Mollie CEO Koen Köppen said GoCardless’ bank-payment infrastructure solves a growing problem for subscription businesses struggling with involuntary churn and rising card-scheme costs.

“A card-only approach has its limits,” he said. “GoCardless built the definitive solution… By bringing them into Mollie, we take a huge step towards fulfilling our vision of one complete platform for sustainable growth.”

GoCardless CEO Hiroki Takeuchi described the merger as a “win for European fintech”, combining bank-to-bank capabilities with Mollie’s card acquiring strength, hyperlocal coverage and platform tooling.

Europe accelerates towards bank-pay adoption

The deal comes as Europe undergoes a structural shift toward account-to-account payments. PSD3 and the upcoming Open Banking Regulation aim to strengthen access-to-account APIs and mandate lower-cost payment options for merchants.

The European Payments Initiative (EPI) is also building a pan-European instant-payment scheme, with early pilots expected in 2026.

Bank payments are gaining traction in high-churn merchant sectors such as SaaS, digital subscriptions and marketplaces, where cost sensitivity has heightened due to card-scheme fee increases and the growing complexity of strong customer authentication.

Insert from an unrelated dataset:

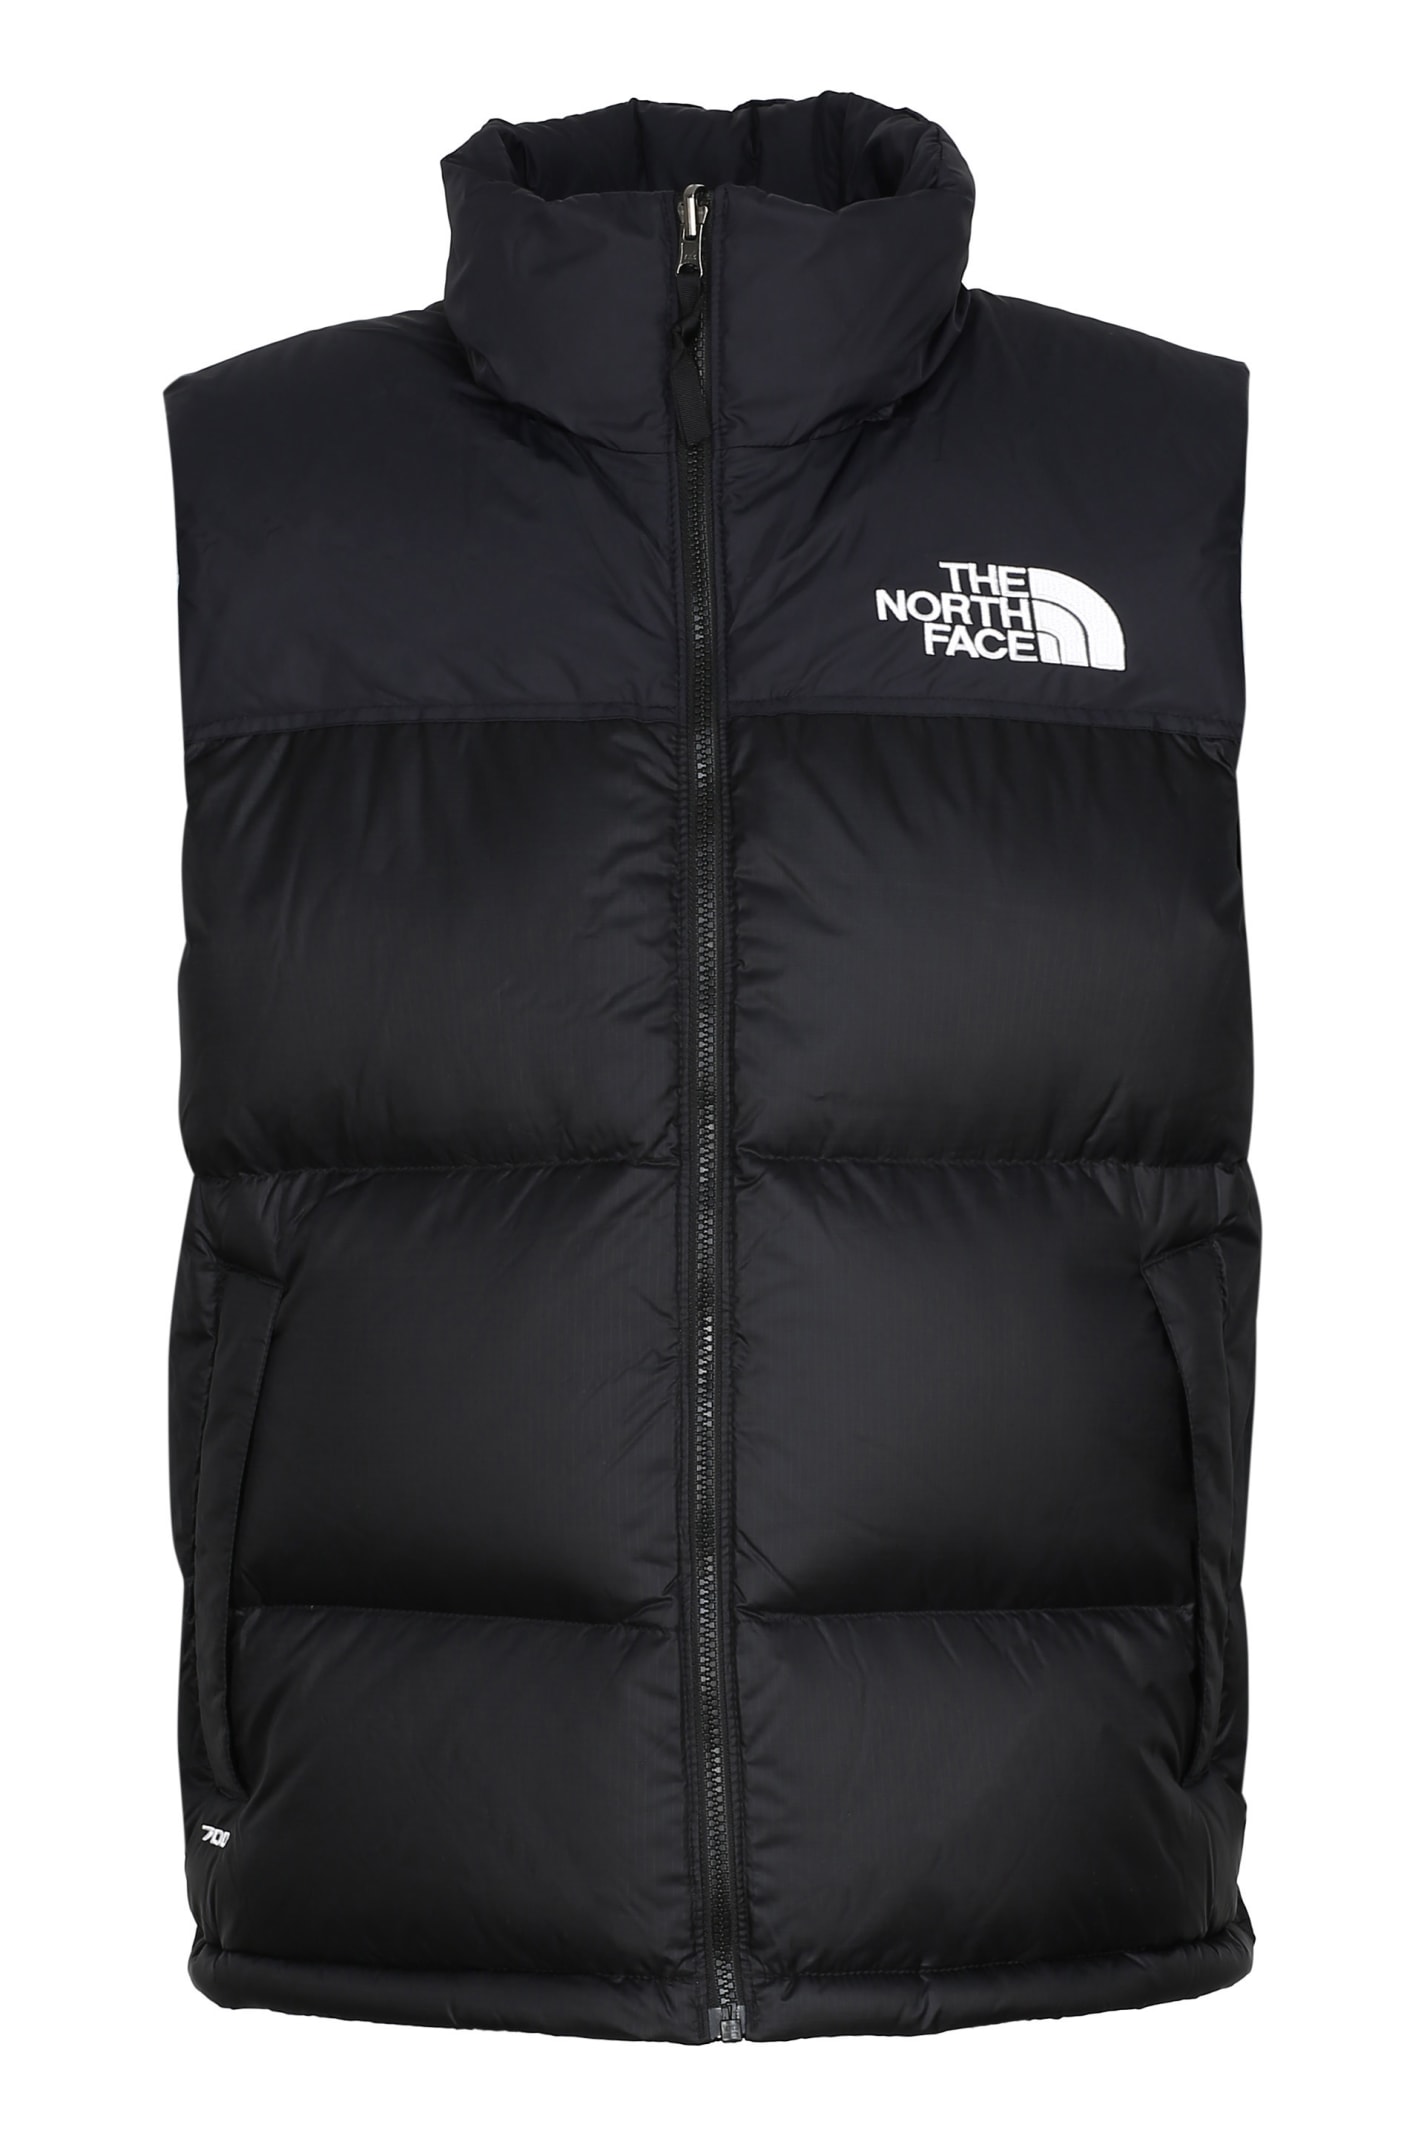 body warmers womens north face

GoCardless has been a beneficiary of that shift, landing partnerships with global SaaS platforms and recurring-billing providers, while Mollie has expanded its Connect platform for software vendors embedding payments into their products. Combined, the firms will be looking to defend ground against rising competitors offering integrated card-and-bank rails, including Stripe, Adyen and Checkout.com.

Strategic value for PSPs

The merger also reflects an industry-wide push toward scale. Payments businesses are facing margin pressure, higher compliance costs and slower venture capital inflows. Consolidation is increasingly seen as the route to defend market share and offer broader monetizable services.

For Mollie, the addition of GoCardless offers:

  • Deep bank-payment coverage: across major European markets, plus expansion corridors in North America and Australia.
  • Recurring-revenue optimisation: a segment with growing demand as merchants seek to reduce involuntary churn.
  • A strengthened enterprise proposition: long a target growth area for Mollie as it moves beyond SMEs.
  • Hyperlocal differentiation: combining iDEAL, Satispay, Twint and local onboarding with pan-European direct debit and faster bank pay.

For GoCardless, joining a larger platform offers access to a wider distribution network, particularly among SMEs and mid-market merchants where Mollie has a strong foothold.

Regulatory approval the next hurdle

The deal will undergo scrutiny by European competition authorities given the size of the combined bank-to-bank footprint. However, market observers expect approval, citing the fragmented nature of Europe’s payments ecosystem and the presence of multiple scaled competitors.

Integration of GoCardless’ network and tooling into the Mollie platform will be phased to avoid disruption, the companies said, with a commitment to continuing local support for existing customers.

If completed, the acquisition would mark one of Europe’s most notable payments combinations since Worldline–Ingenico and would further intensify the race to build a single, multi-rail payments operating system for the region.